Toki was leaned up against a tree, breathing heavily. He unzipped his backpack and dumped its contents onto the snow. He had some money, enough to get him food for a few days, some random pages of guitar tabaliture, and his teddy bear. A few weeks ago, he'd crudely sticked a devil tail onto its backside, just because he knew it would piss his parents off. He had hidden the bear in the backpack after doing so, just in case his parents decided to include ripping up the toy he'd had since he was a child in some sort of punishment.

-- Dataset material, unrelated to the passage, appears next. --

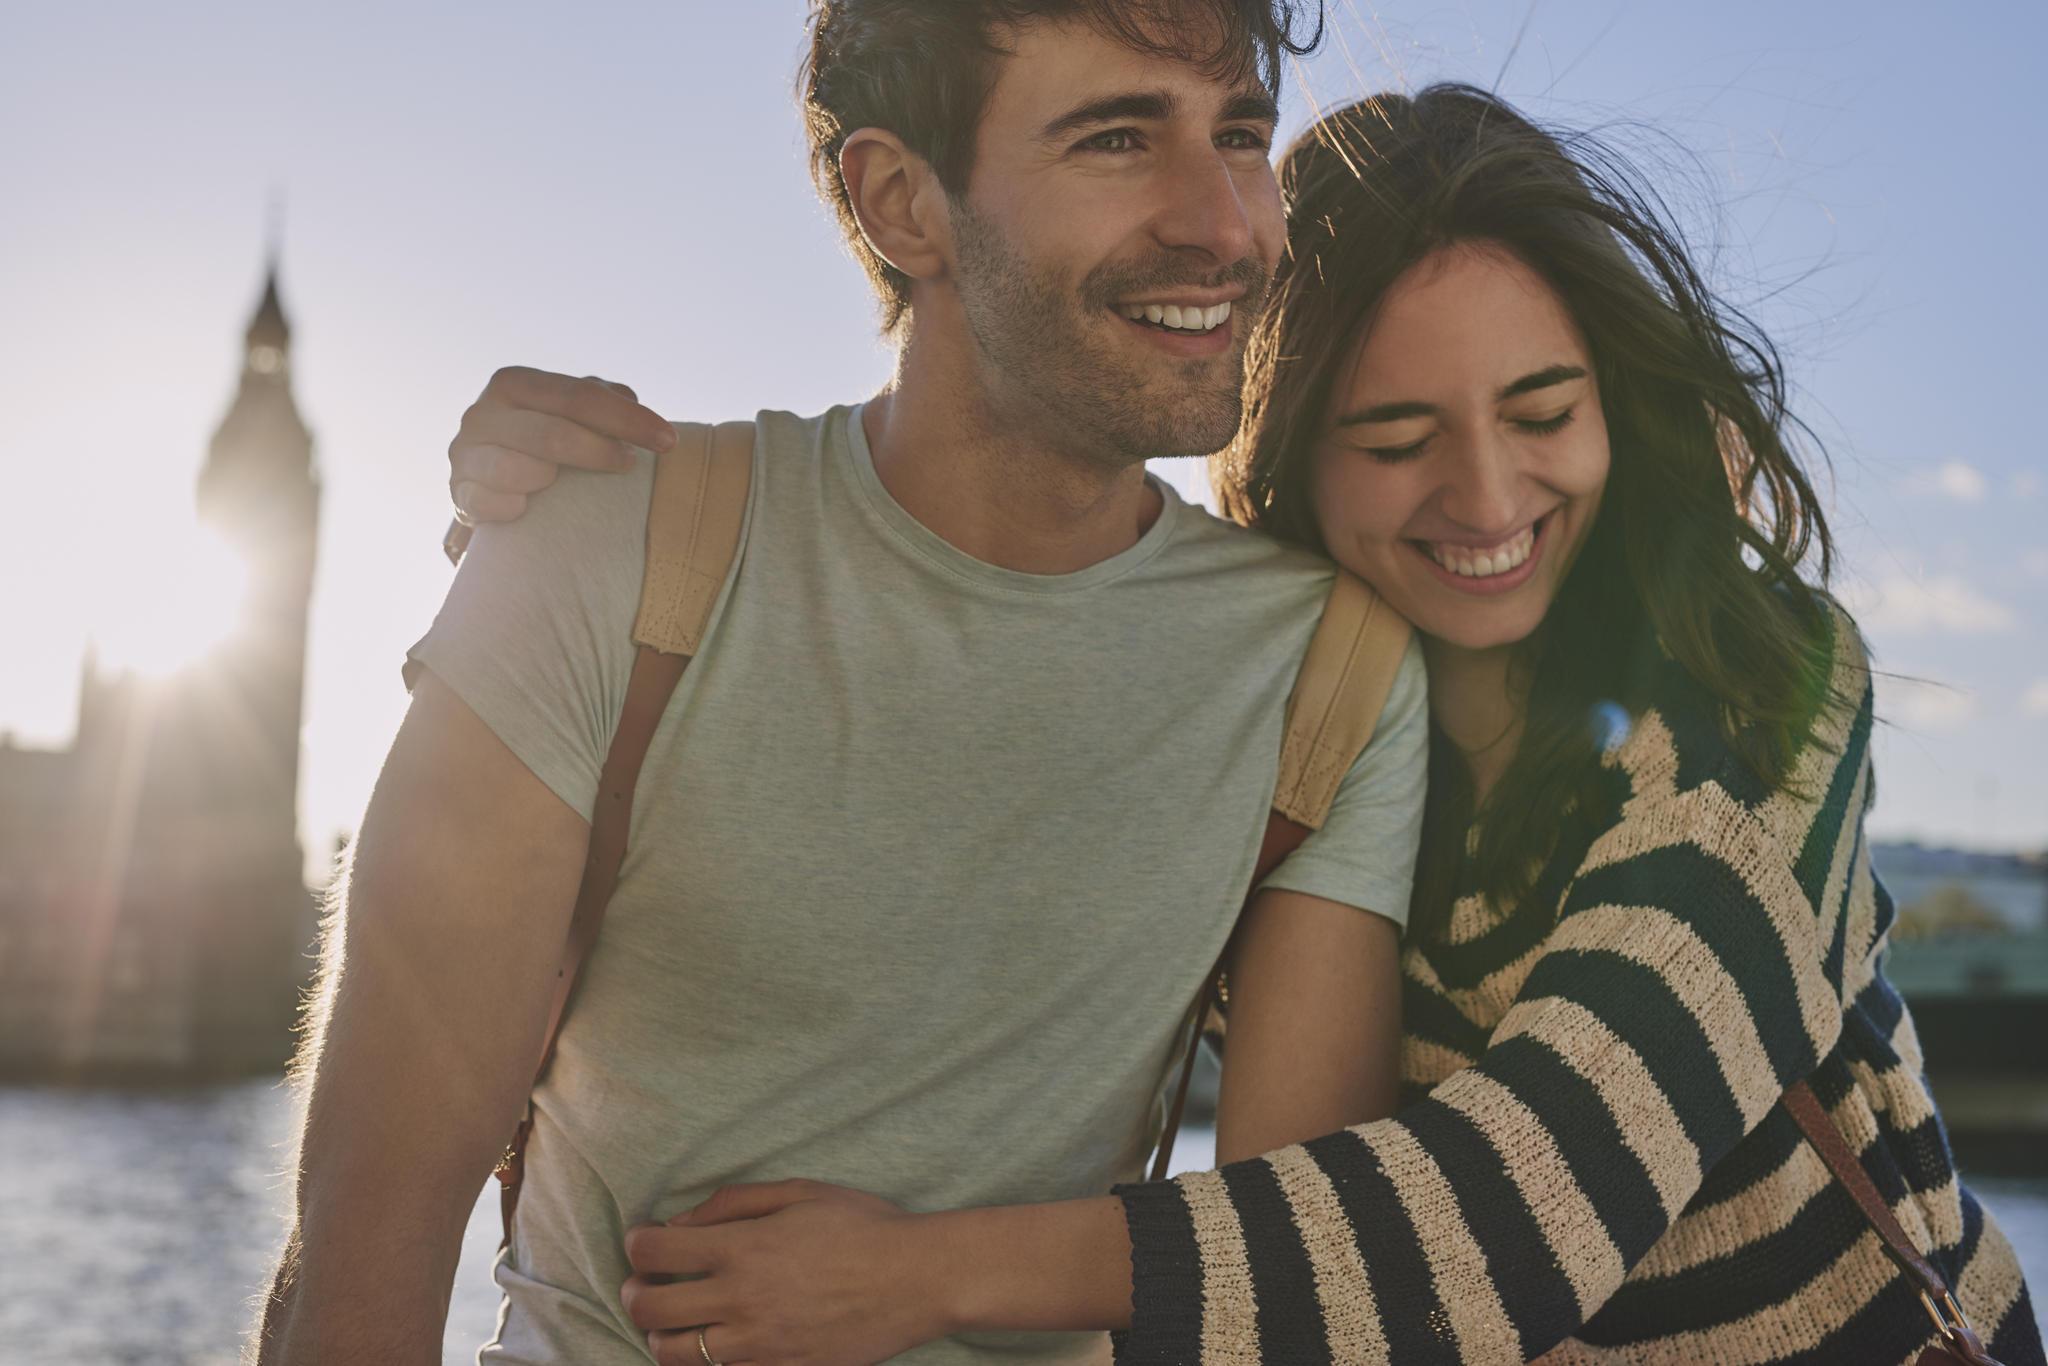 Ist Ihre Beziehung fit für den Urlaub?

That was all he had. He shivered as he gently tucked his belongings back in the bag. "I can work at the record store," Toki muttered, just to hear something besides his heavy breathing. "Once I get enough money, I'll buy an electric guitar and start the biggest metal band that ever existed. We'll tour the world, and the only reason I'd ever come back to Lillehammer is to knock on my parents' door, tell them my job is to play the Devil's music, and laugh when I see the look on their faces."

* * *

First Metalocalypse fanfiction, and first fanfiction I've written in forever. Toki's my favorite character in the show, so I decided to speculate a bit about his past.